What needs to be done: Your answer must be the lines from the one holding "Bradford White 265-46182-01" through the final line of the entries below, copied exactly, with no pictures.

[Saved data entries]
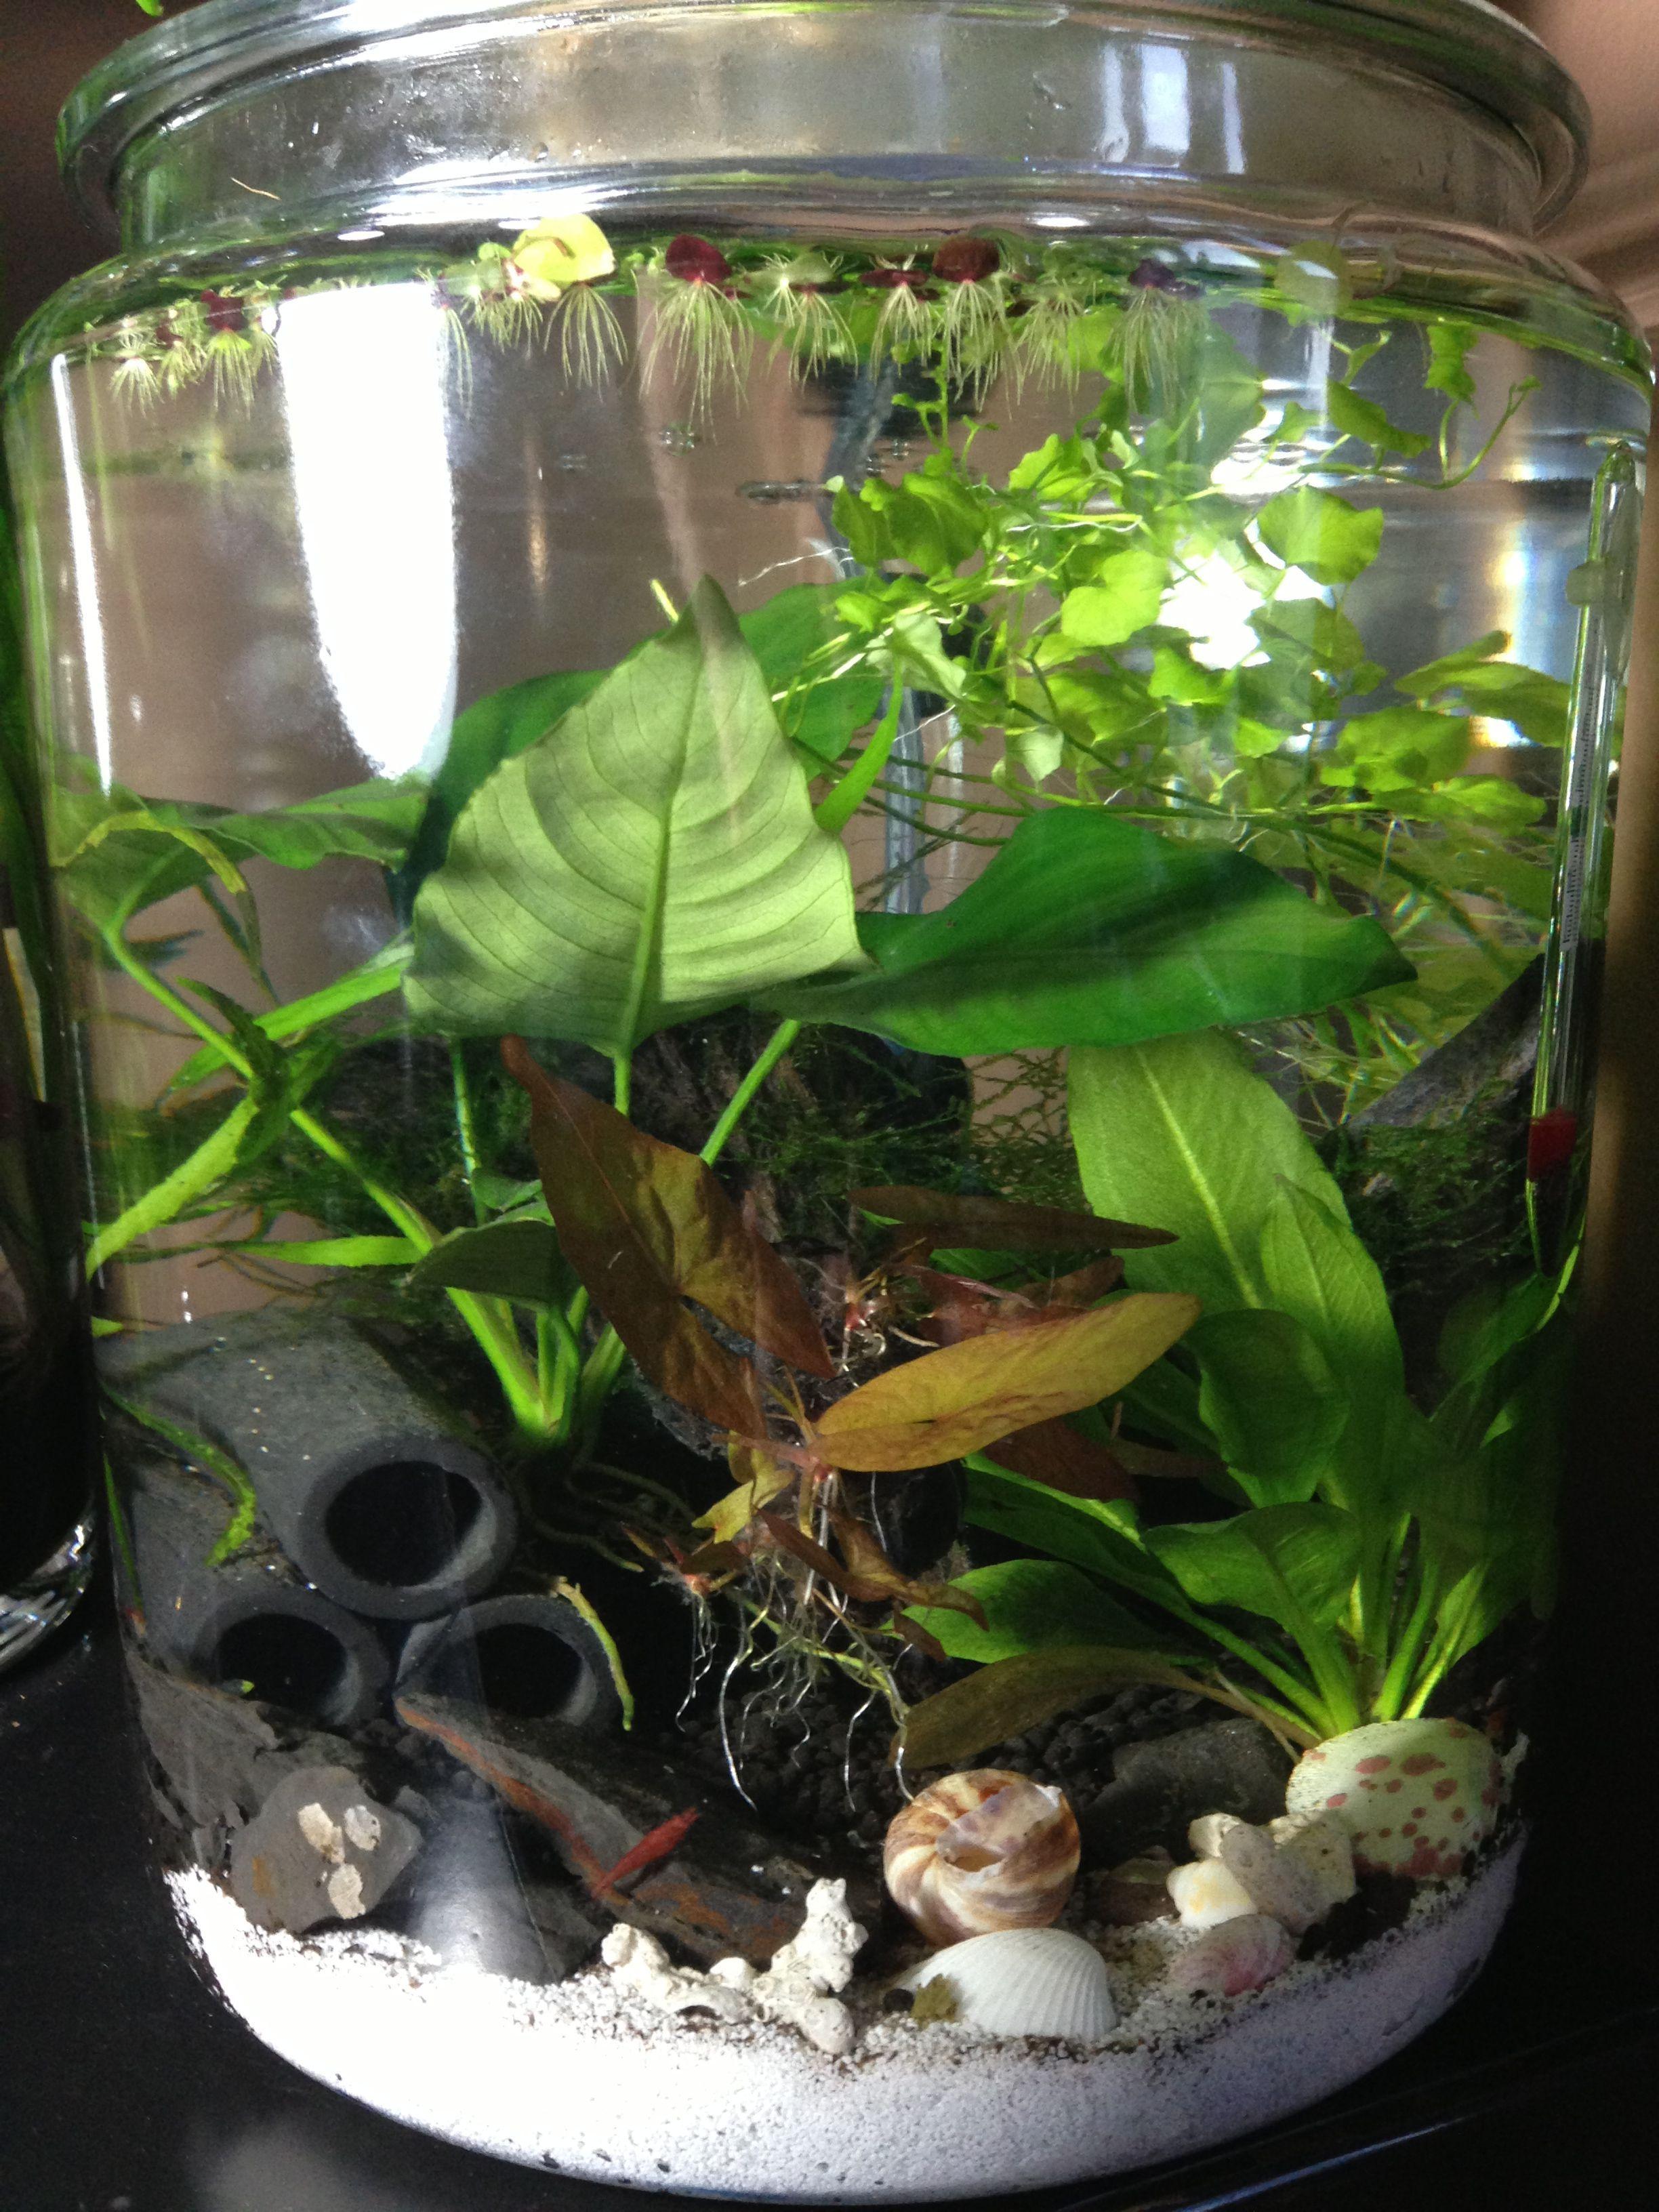 3 Gallon Planted Jar Aquarium With Red Cherry Shrimp Freshwater Aquarium Plants Planted Aquarium Red Cherry Shrimp
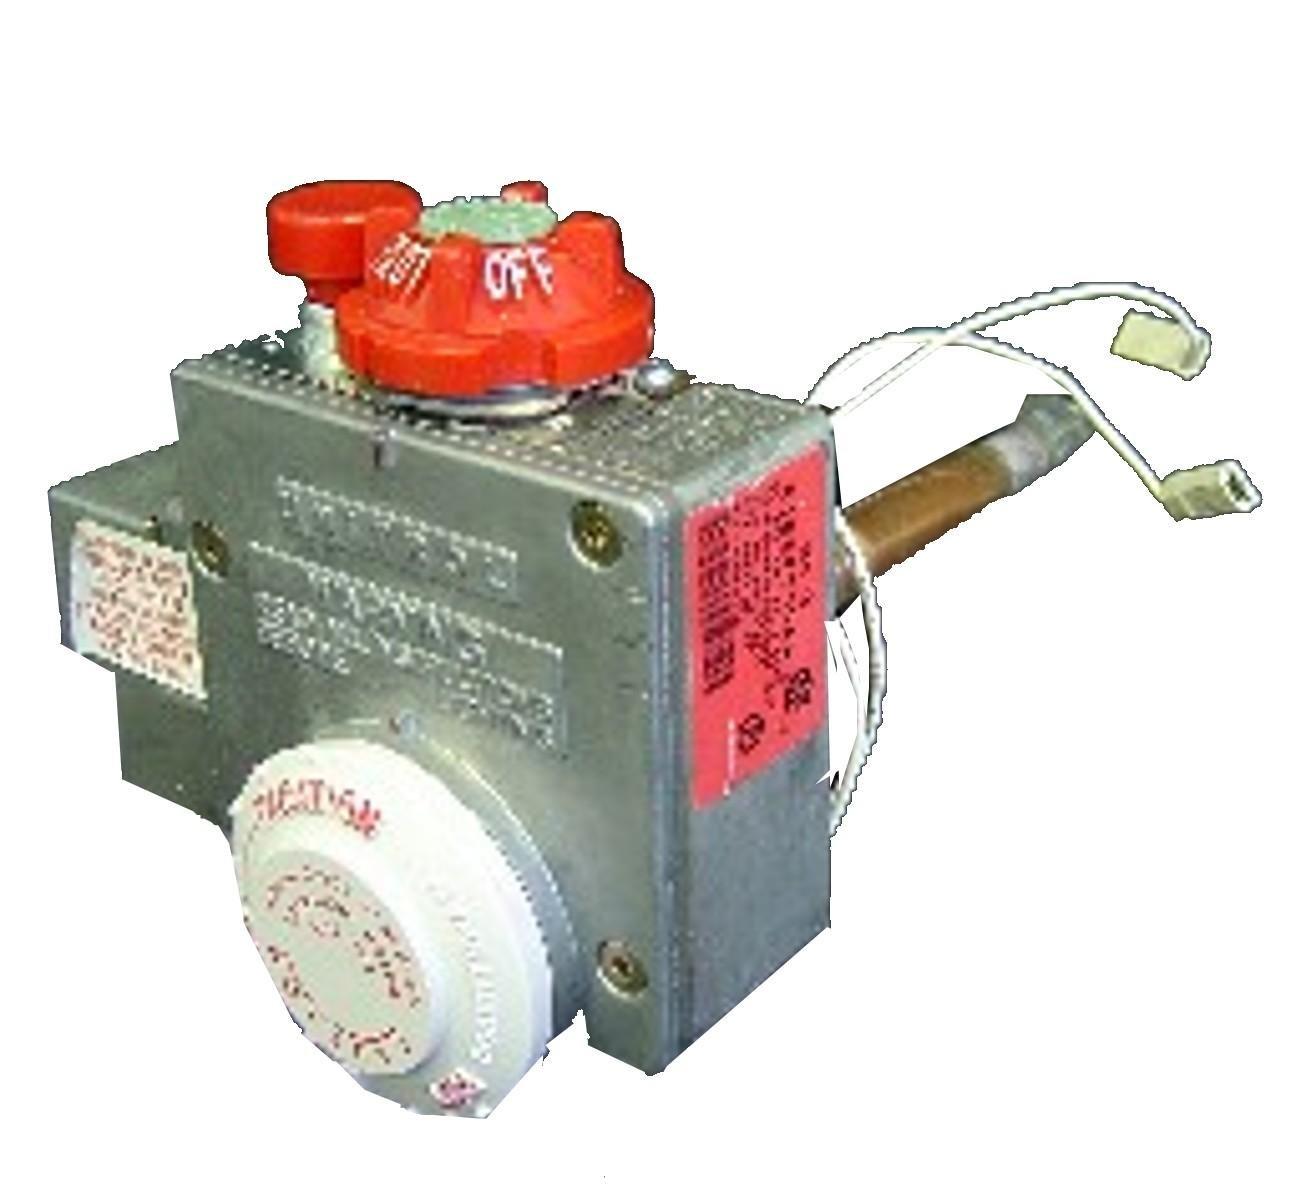 Bradford White 265-46182-01 Propane Gas Valve for Water Heater
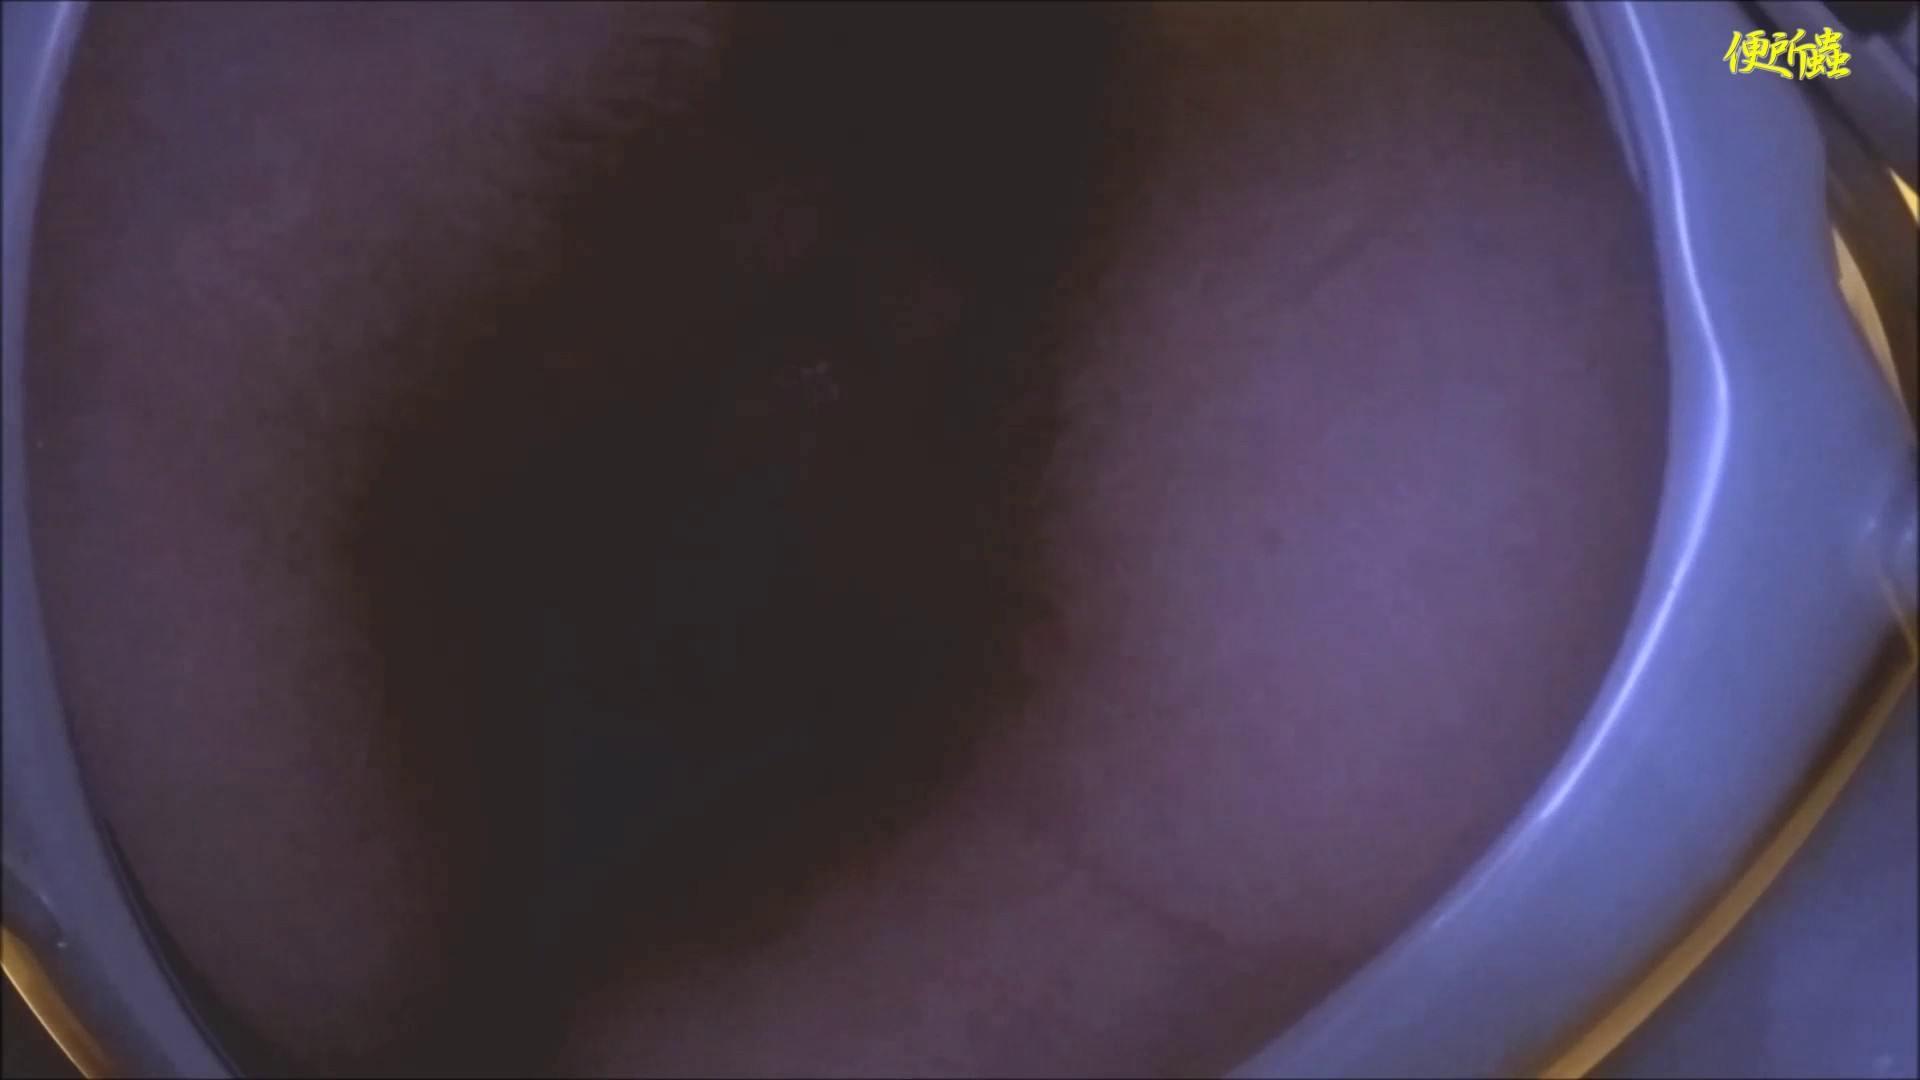 vol.07 便所蟲さんのリターン~寺子屋洗面所盗撮~※画質改善※総勢7名 盗撮・必見 濡れ場動画紹介 79画像 34
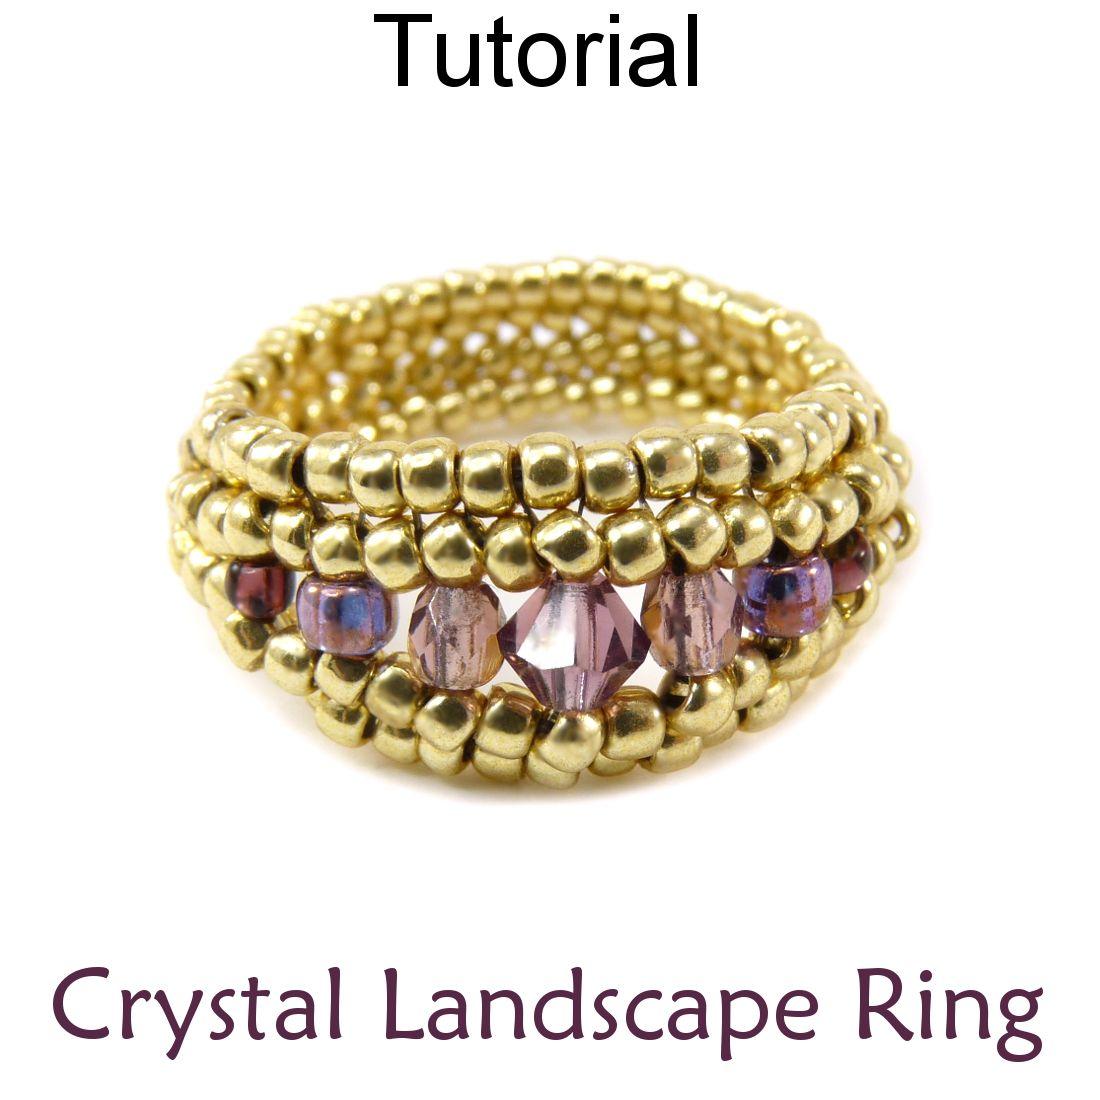 Beaded Crystal Landscape Ring Herringbone Beading Pattern Tutorial ...
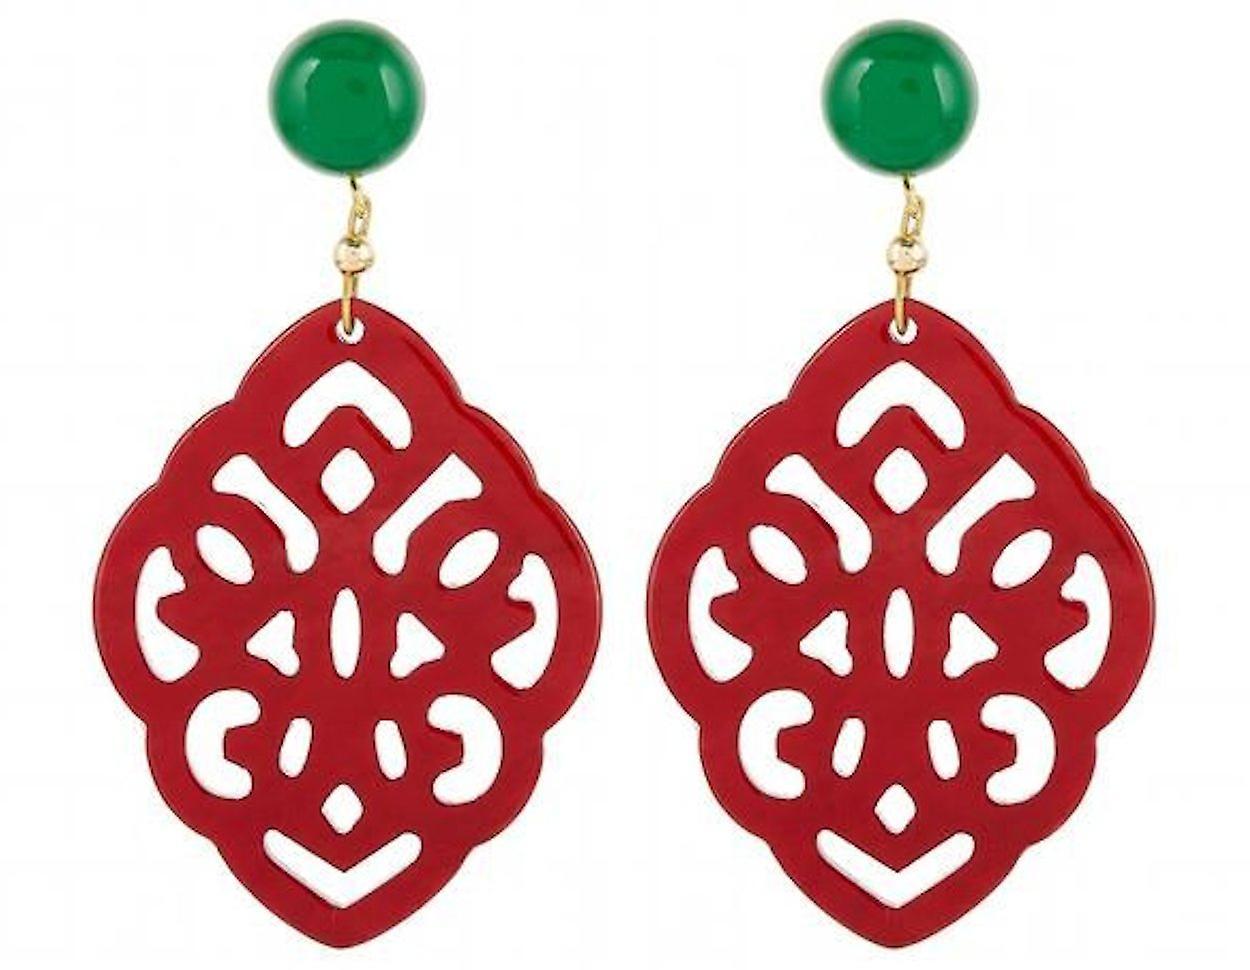 Gemshine Ohrringe grüne Chalcedoen, Schildpatt Harz Tropfen 925 Silber Vergoldet

Answer section:
 Bradford White 265-46182-01 Propane Gas Valve for Water Heater
 vol.07 便所蟲さんのリターン~寺子屋洗面所盗撮~※画質改善※総勢7名 盗撮・必見 濡れ場動画紹介 79画像 34
 Beaded Crystal Landscape Ring Herringbone Beading Pattern Tutorial ...
 Gemshine Ohrringe grüne Chalcedoen, Schildpatt Harz Tropfen 925 Silber Vergoldet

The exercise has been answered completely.